In the fourth act we have the punishment of Nikíta. Akoulina is to be married, for the sake of her dowry only, but her confinement comes just before the wedding should take place, and, if the child's existence is once known, it will ruin all. Nikíta, as usual, wants to throw the burden on his wife, but Anisya refuses absolutely.

Matrónya, callous as ever, urges her son to the murder of his infant; with tragic irony in her speech she declares that it is such a little thing, it can hardly be counted as human at all. Anisya too urges him on, not with callousness but with a more terrible hate.

"Let him also be a murderer! Then he'll know how it feels.... I'll make him strangle his dirty brat! I've worried myself to death all alone with Peter's bones weighing on my soul. Let him feel it too."

Nikíta, always weak, gives way, and commits the murder, but it sickens him to the very soul.

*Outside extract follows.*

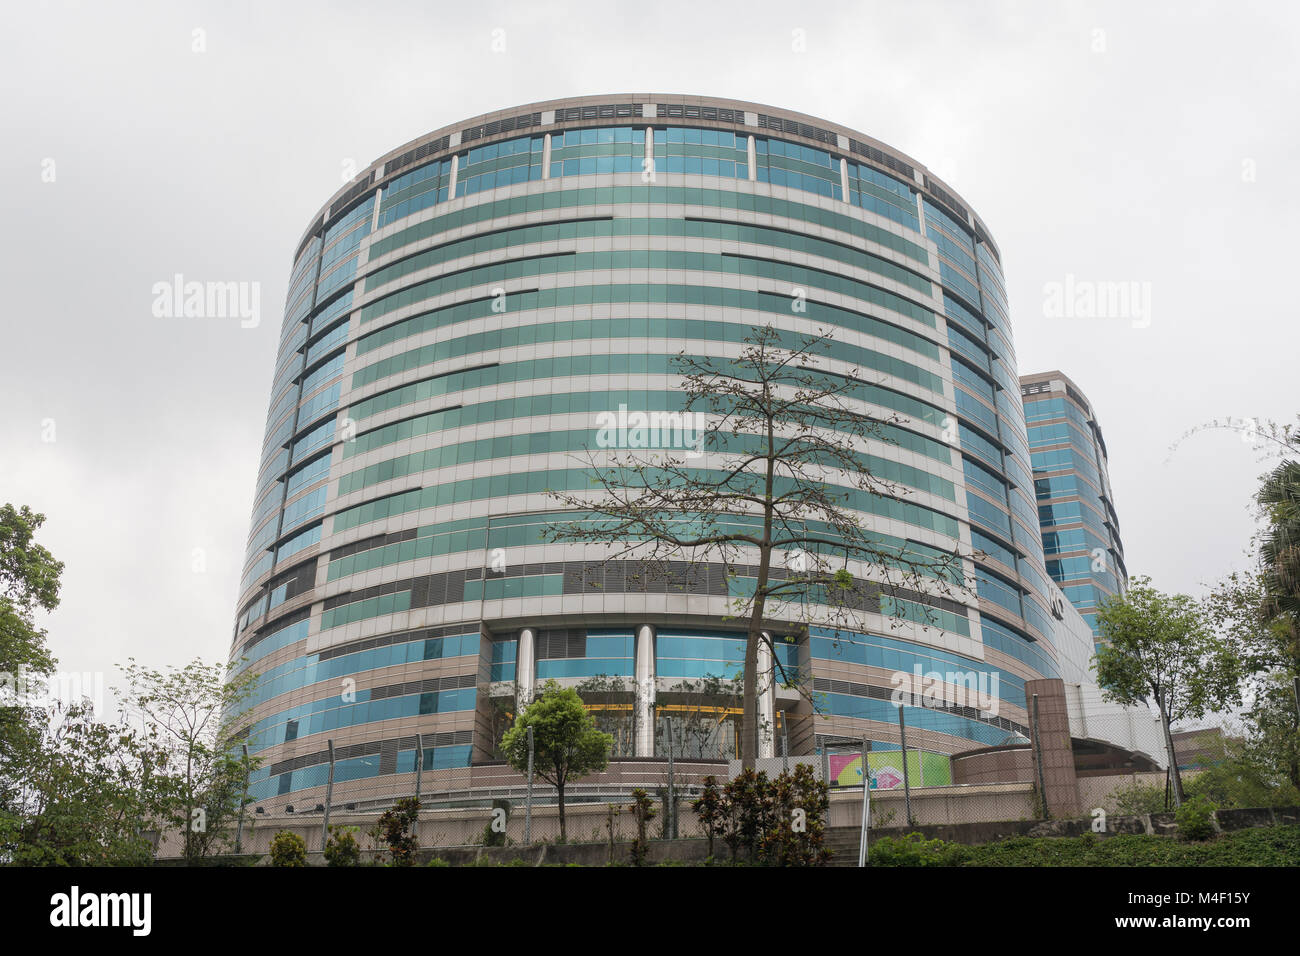 Round Building - Stock Image

In the fifth act we see the long-delayed punishment of Matrónya. To the end she remains callous; she cannot understand the moral sufferings of Anisya and her son, but she can be reached through her son's worldly ruin, and that is what occurs.

Nikíta cannot endure the hideous consciousness of his guilt. "When I eat, it's there! When I drink, it's there! When I sleep, it's there! I am so sick of it, so sick! ... Even drink takes no hold on me."

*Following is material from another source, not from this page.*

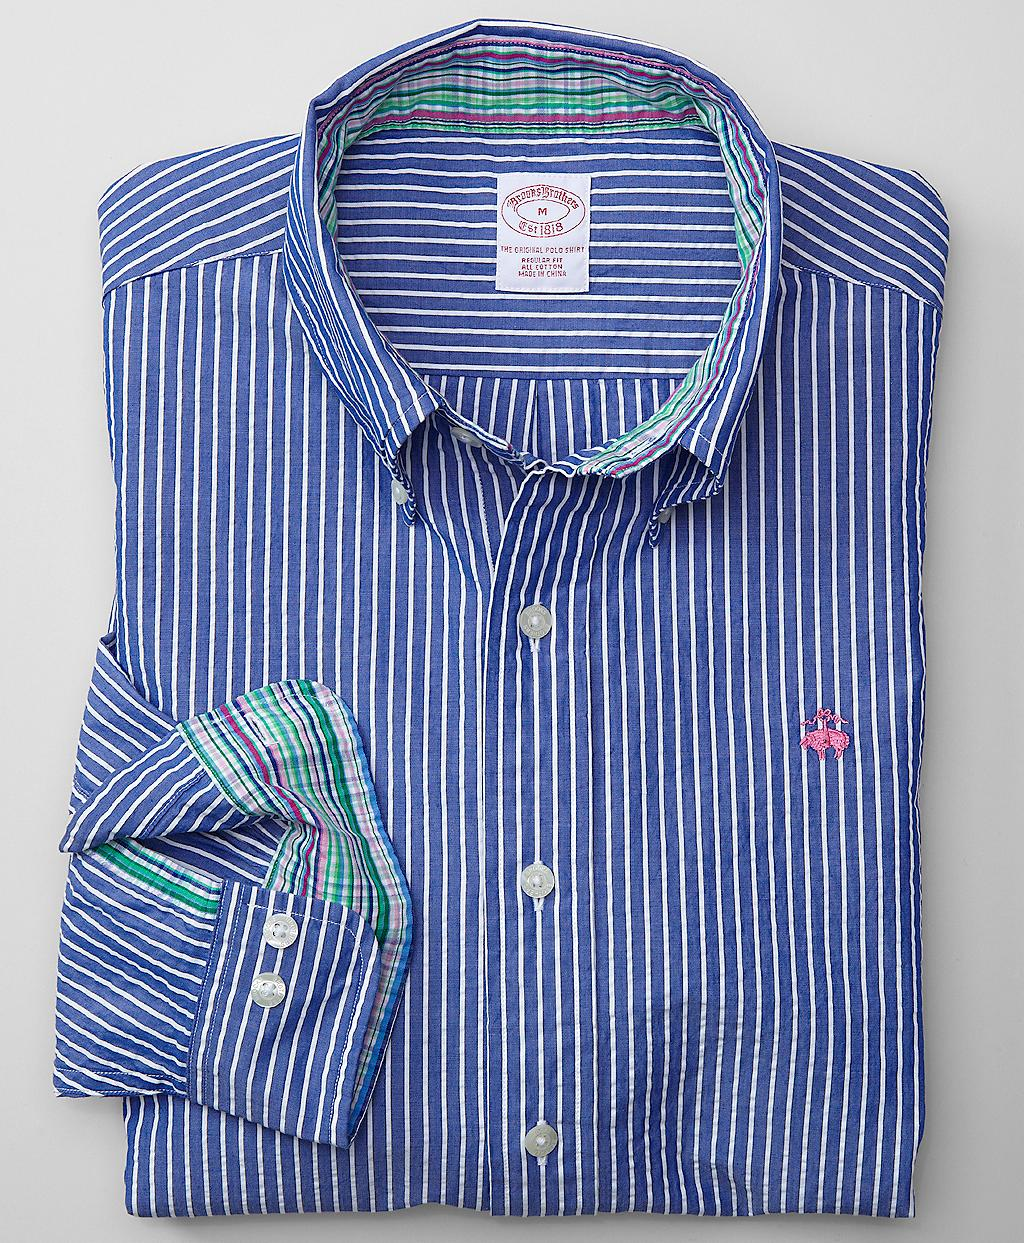 Brooks brothers regular fit ground stripe seersucker sport for Brooks brothers shirt size guide

He ponders suicide, but reflects that this would only be a new crime, and at length he nerves himself, before all the wedding guests, his old father helping and assisting him, to make full confession.

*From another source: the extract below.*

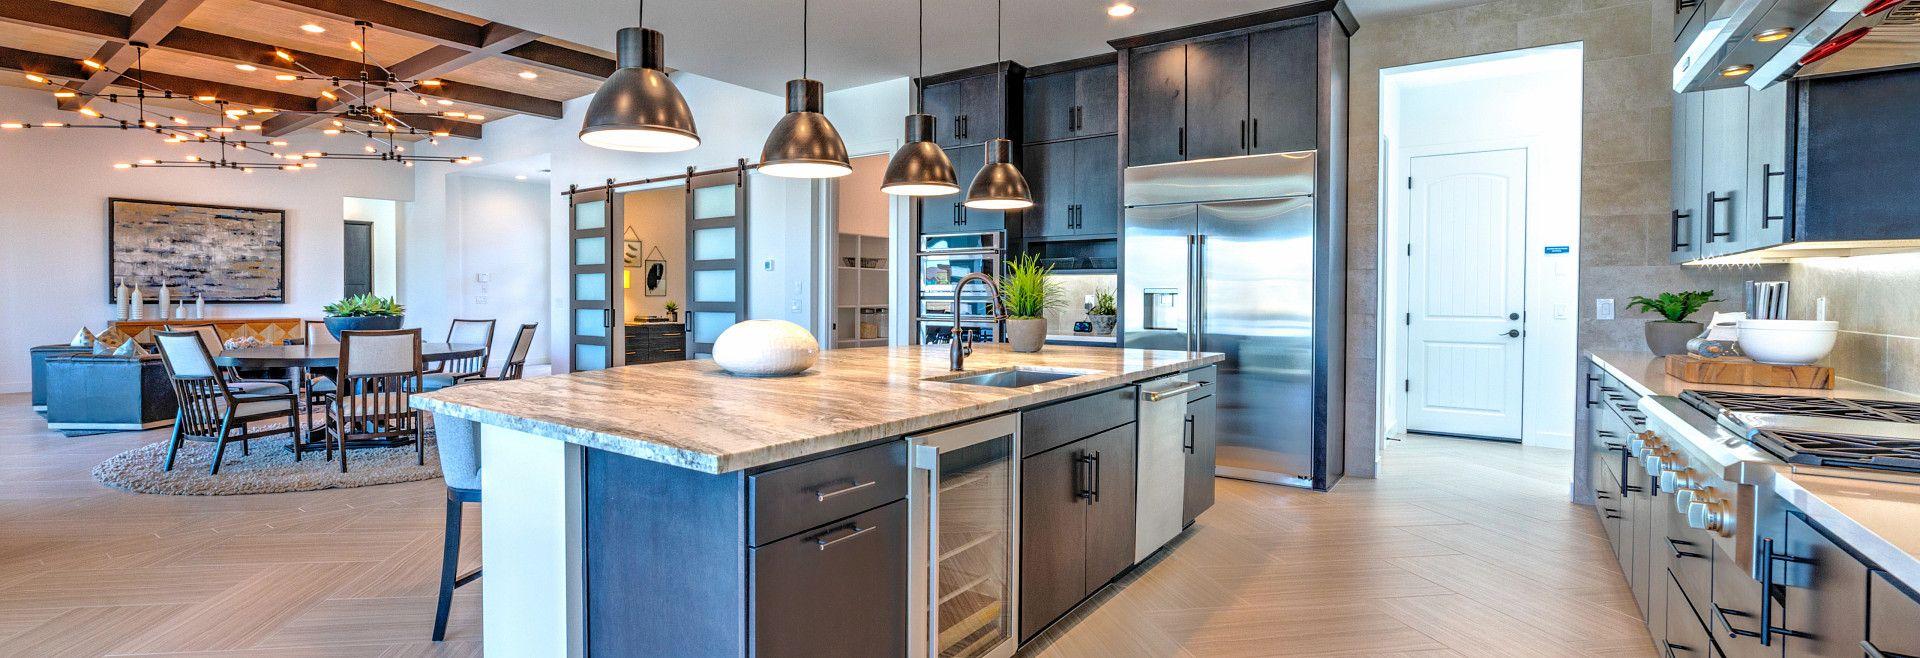 Residence 3 Model Kitchen:Residence 3 Kitchen

There is no splendour in this drama, not even the splendour of crime, but Tolstoy has good warrant in depicting evil as he does; he shows the worst feature of evil as being its insufferable meanness and dirtiness, and the same truth is driven home by The Kreutzer Sonata and Resurrection. But though this drama is so gloomy it is not despairing; the one point of light glows and kindles till it overpowers the whole; even in the heart of the darkness God has made manifest His power.

The Kreutzer Sonata probably ranks with Anna Karénina as being the best-known of Tolstoy's productions. It had in England and elsewhere what might be termed a succès de scandale. The emphasis laid upon it is, in some ways, unfortunate; it serves many people as an introduction to Tolstoy; they read it, are repelled, and explore no further. The truth is that it stands almost alone among Tolstoy's works; the same elements are present, the same ideas are discussed else where, but they are nowhere else brought to a focus of such intensity and concentrated in such powerful expression.

The piece is almost pure Strindberg; it represents that woman-hatred, that loathing of marriage, that helpless rage against physical passion, of which the Swedish author has made himself the chief European exponent. The situation is exactly the sort of situation Strindberg delights in: husband and wife bound together by a purely sensual passion which they both abominate but cannot, either of them, control; the paroxysms of indulgence followed by paroxysms of mutual loathing; the endless quarrels; the reciprocal jealousy; the miserable and shallow infidelity; and, as a climax, the miserable, vanity-inspired murder. But, though the subject is almost pure Strindberg, Tolstoy is infinitely more just to women than Strindberg could contrive to be.